Tumores pouco diferenciados podem surgir a partir de células-tronco ou progenitoras que adquirem mutações adicionais ou a partir de células somáticas que sofrem processo de desdiferenciação por meio da ativação de componentes da maquinaria de pluripotencialidade (Figura 4B). Amplificações raras ou eventos de translocação podem explicar a hiperexpressão do LIN28B em algumas neoplasias, como tumor de Wilms108.

Figura 4 - (A) O Lin28 é altamente expresso em fases precoces do desenvolvimento, em oposição ao let-7. À medida que as células vão se tornando mais diferenciadas, os níveis de Lin28 decrescem, em paralelo a um aumento concomitante do let-7. Embora aqui não representado, é esperado comportamento semelhante dos outros miRNAs reguladores do Lin28 (mir-9, mir-30 e mir-125); (B) Tumores que expressam Lin28 podem surgir de duas maneiras: a partir de células-tronco ou progenitoras que expressam Lin28 e sofrem transformação por meio de aquisição de diversas mutações genéticas ou, de forma alternativa, a partir de uma célula somática que tenha sofrido transformação pela aquisição de mutações genéticas, levando à ativação do Lin28 por meio de mecanismos genéticos ou epigenéticos, nos estágios mais tardios da tumorigênese [Adaptado de Viswanathan e Daley92]

A maneira exata pela qual o LIN28 contribui para a tumorigênese permanece um enorme campo a ser investigado. A redução da expressão do let-7 correlacionou-se com radiorresistência em estudos in vitro109. O bloqueio da expressão do LIN28 em uma linhagem de células de câncer de pulmão radiorresistentes levou ao aumento dos níveis de let-7 e redução da expressão do K-RAS, resultando em maior radiossensibilidade110.

Diversos estudos colocam o Lin28/Lin28b dentro de uma importante rede regulatória envolvendo o c-Myc e o let-7. O Lin28/Lin28b reprime o let-7, que por sua vez é capaz de reprimir o Lin28/Lin28b, ao se ligar à região 3’ não traduzível dos transcritos do Lin28/Lin28b, assim formando uma alça de duplo feedback negativo. Uma segunda alça de feedback existe entre o Lin28 e o c-Myc: o Lin28/Lin28b estimula o c-Myc por meio da inibição do let-7, e o c-Myc ativa a transcrição do Lin28 e Lin28b111,112. De modo importante, a estimulação do c-Myc pode também contribuir para reprimir a transcrição de vários miRNAs e ativar a transcrição de determinados miRNAs oncogênicos113. Dessa forma, esta alça Lin28/let-7/c-Myc pode, em parte, explicar a desregulação generalizada de miRNAs constatada em vários cânceres humanos114.
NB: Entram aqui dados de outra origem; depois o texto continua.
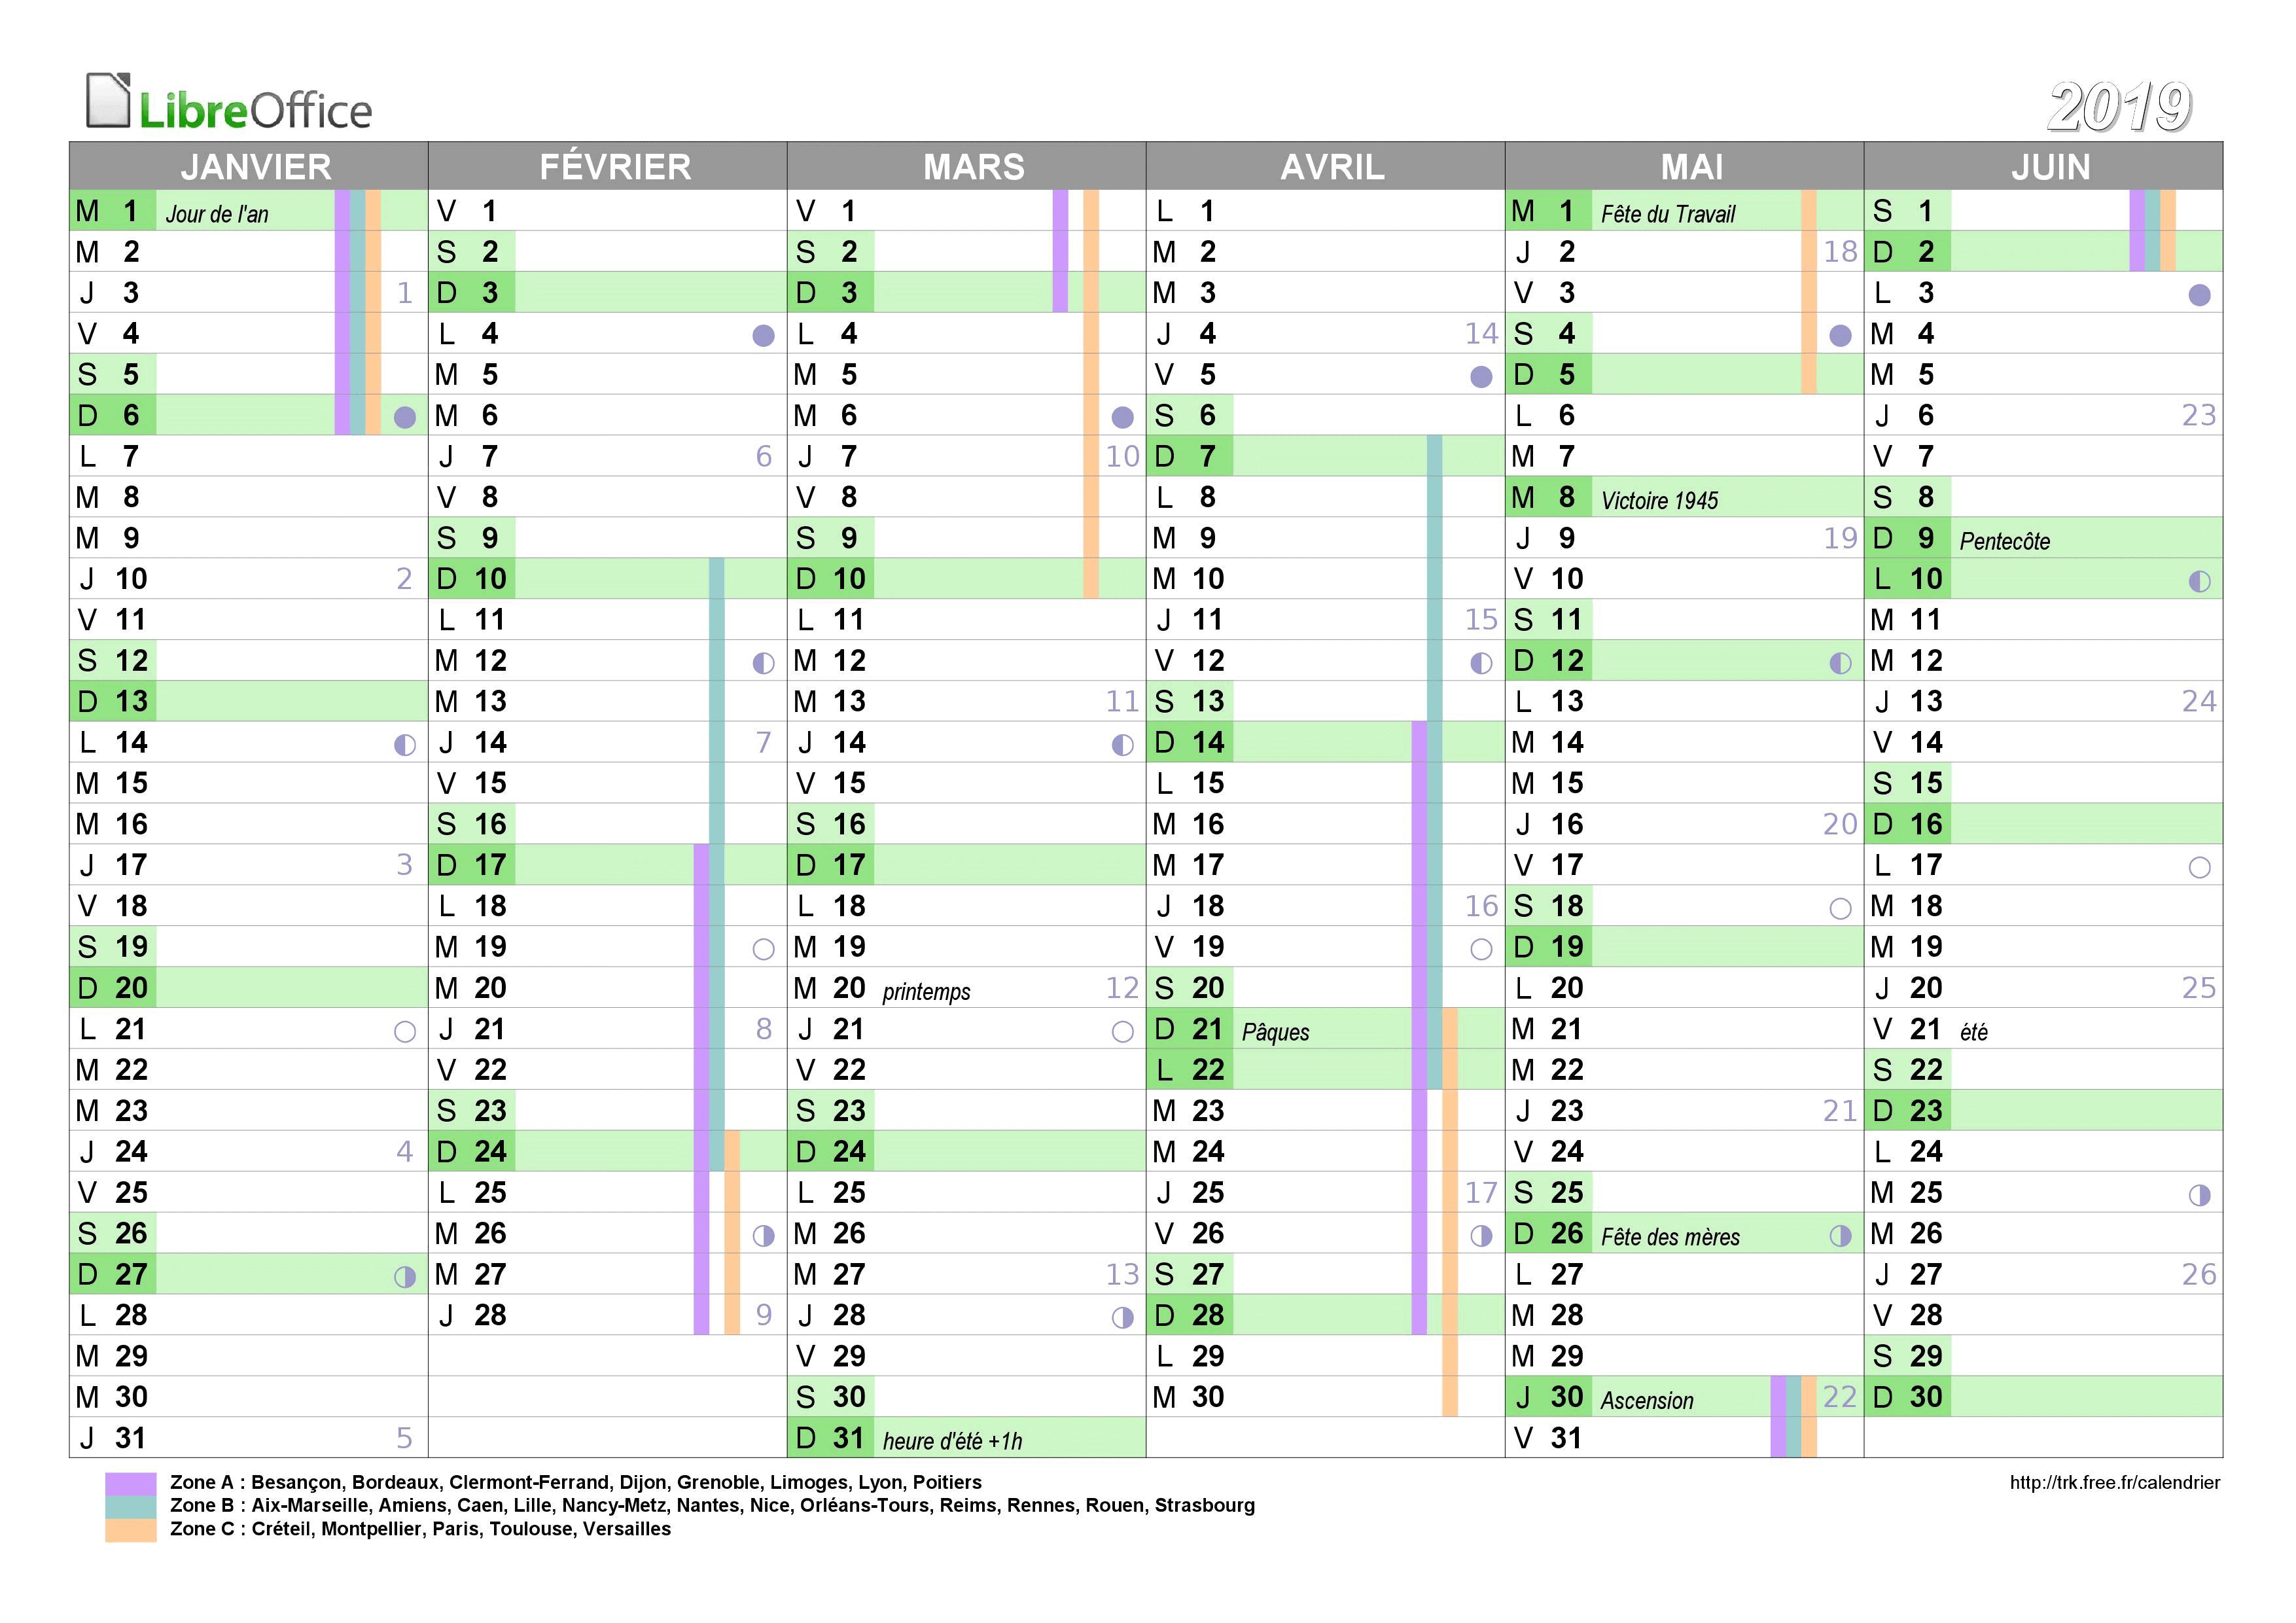 Calendrier Scolaire 2019 2020 Excel.Calendrier 2019 A Imprimer Jours Feries Vacances

Recentemente, foi demonstrado ainda que a hiperexpressão do LIN28B correlaciona-se com uma maior expressão de IGF-2 em câncer epitelial de ovário115. O LIN28 pode se ligar ao RNAm do IGF-2 aumentando a eficiência da sua transcrição105. Digno de nota, o IGF-1R é um importante alvo da família let-7, e alguns estudos têm demonstrado aumento de sua expressão em tumores que hiperexpressam LIN28B, tais como carcinoma hepatocelular116 e carcinoma epidermoide de cabeça e pescoço117.
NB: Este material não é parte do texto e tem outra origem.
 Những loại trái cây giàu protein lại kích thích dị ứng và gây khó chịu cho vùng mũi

A expressão do LIN28 foi recentemente correlacionada com prognóstico ruim em diversos cânceres humanos108,118. No entanto, o papel do LIN28, um importante regulador da reprogramação celular e do processamento de miRNAs, assim como de seus miRNAs regulatórios (família let-7, mir-9, mir-30 e mir-125), não foram ainda estudados em TACs diagnosticados em crianças e adultos.